Video highlight detection method and device based on graph neural network

Technical Field

The invention relates to the technical field of video information, in particular to a video highlight detection method and device based on a graph neural network.

Background

With the popularization of wearable devices such as portable cameras and intelligent glasses, more and more people record their lives through videos, and the detection of video highlights becomes increasingly important.

Most of the existing video highlight detection methods extract the overall characteristics of the video and do not consider the difference of the space-time local characteristics. Due to the complexity of the video content, this mixed feature will affect the detection effect of the final highlight. Existing models are mainly divided into three types, namely hidden variable-based ordering models, automatic encoder-based models, and convolutional neural network-based models. The model based on the hidden variable solves the problem that a large amount of noise exists in the video, the range of a training sample is expanded, but the precision of the method is limited because the video is represented by manual features; the model based on the automatic encoder reduces the requirement on the number of negative samples in training data, but the whole process is unsupervised learning, so the detection precision is low; the model based on the convolutional neural network utilizes the double-branch network to consider information on the video space and time dimensions, and obtains higher detection precision, but does not consider that the information provided by different frames is different, and the information provided by different areas is also different in the same frame.
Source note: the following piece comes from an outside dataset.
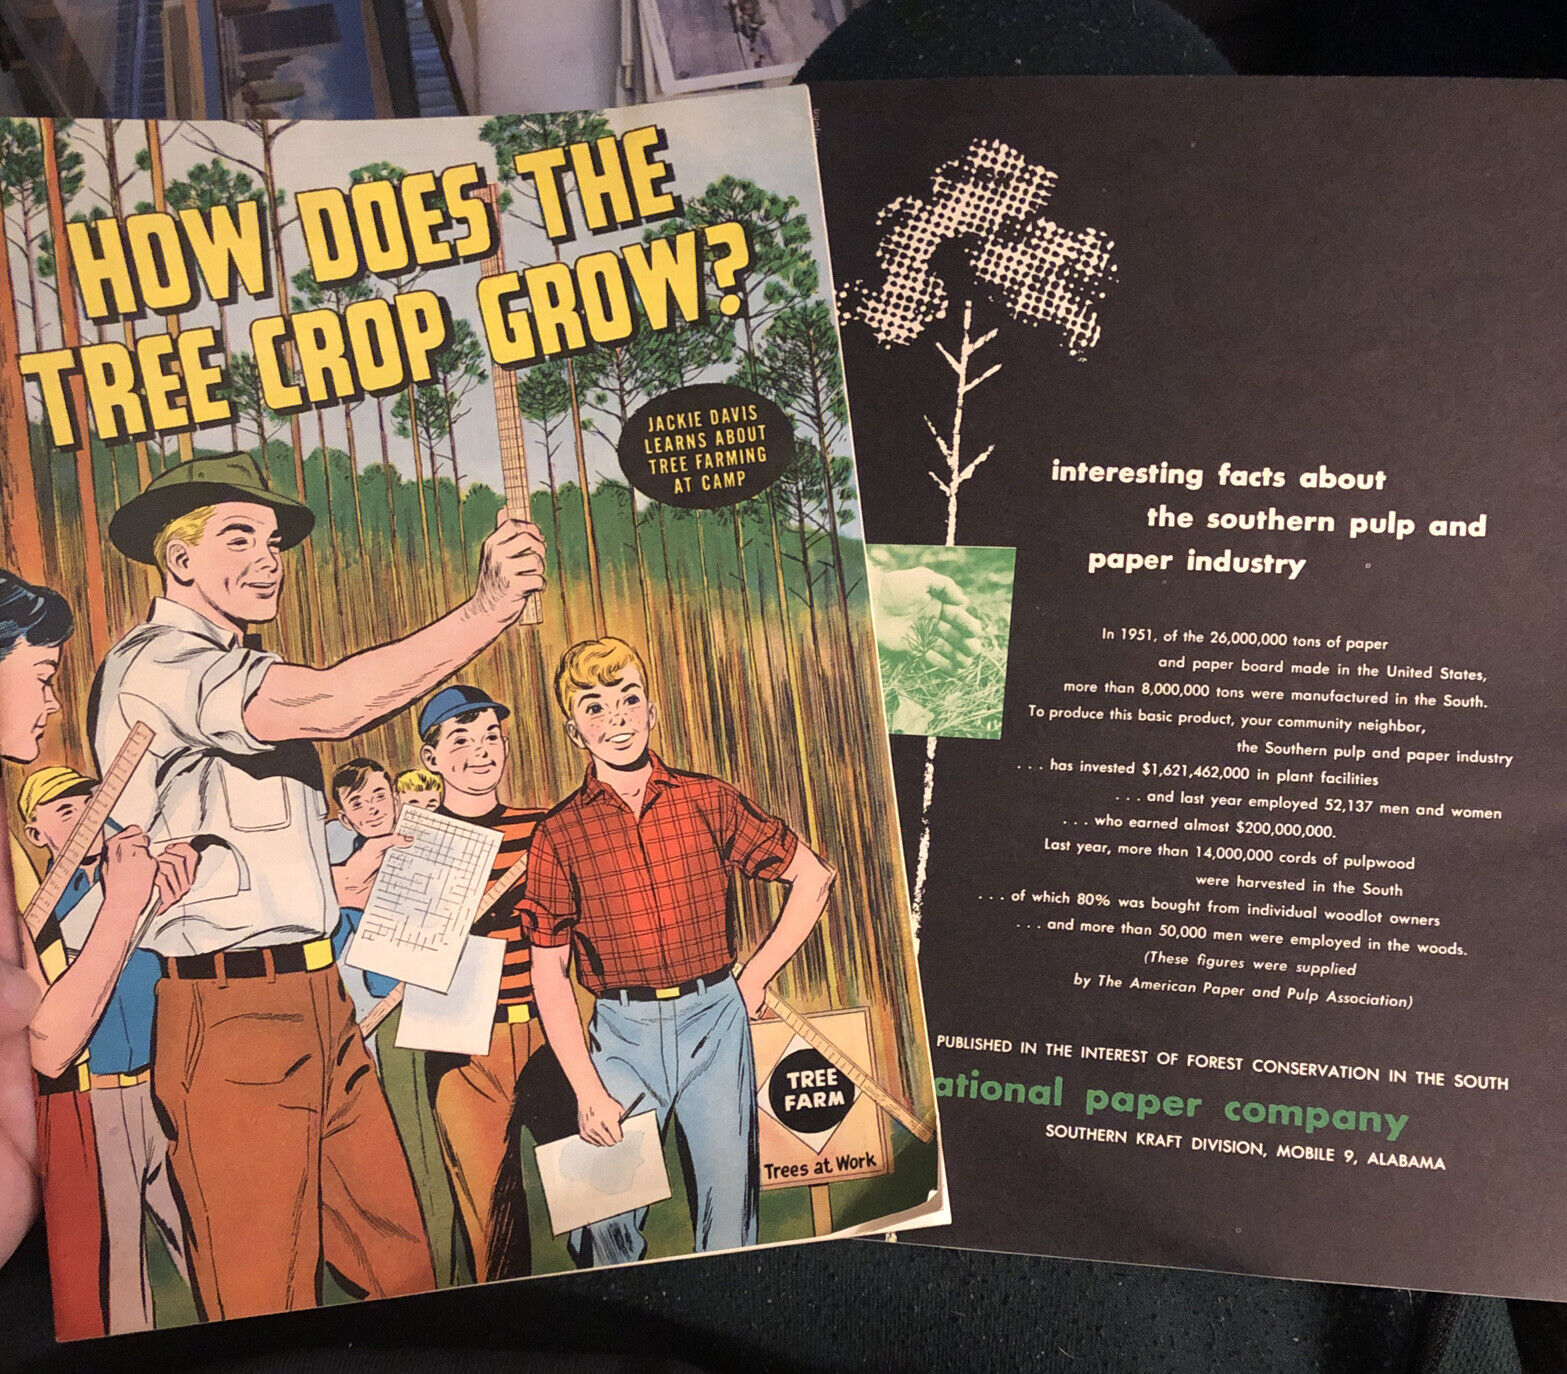 Vintage Comic Teachers Guide How Does the Tree Crop Grow? International Paper Co

Therefore, how to provide a method for accurately detecting the highlight of the video is a technical problem to be solved by those skilled in the art.

Disclosure of Invention

In order to solve the above-mentioned problems in the prior art, that is, to solve the problem of low video highlight detection precision in the prior art, a first aspect of the present invention provides a video highlight detection method based on a graph neural network, where the method includes:

the method comprises the steps that image feature information of each frame of image in a video to be detected is obtained through a preset image feature extraction model based on the pre-obtained video to be detected, wherein the image feature extraction model is constructed based on a neural network, is trained through a preset first training set and is used for extracting the image feature information of the image, and the image feature information comprises position information of an object in the image;

constructing a space map corresponding to each frame of image based on the image characteristic information of each frame of image, wherein the space map comprises a plurality of first nodes and first connecting lines among the first nodes, the first nodes are objects in each frame of image, and the first connecting lines are relations among the objects;

according to the space map corresponding to each frame of image, obtaining the semantic features of the objects in each frame of image through a preset semantic feature extraction model, and constructing a time sequence corresponding to each frame of image according to the semantic features of the objects in each frame of image,

the semantic feature extraction model is constructed based on a neural network, is trained through a preset second training set and is used for extracting semantic features of objects in the images, the timing diagram comprises a plurality of second nodes and second connecting lines among the second nodes, the second nodes are the semantic features of the objects in the video to be detected, and the second connecting lines are the time sequence relation of each frame of image containing the same object;

and according to a time sequence diagram corresponding to each frame of image, obtaining the user interest score of each frame of image in the video to be detected through a preset video segment detection model, wherein the video segment detection model is constructed based on a neural network, is trained through a preset third training set and is used for calculating the user interest score of each frame of image in the video.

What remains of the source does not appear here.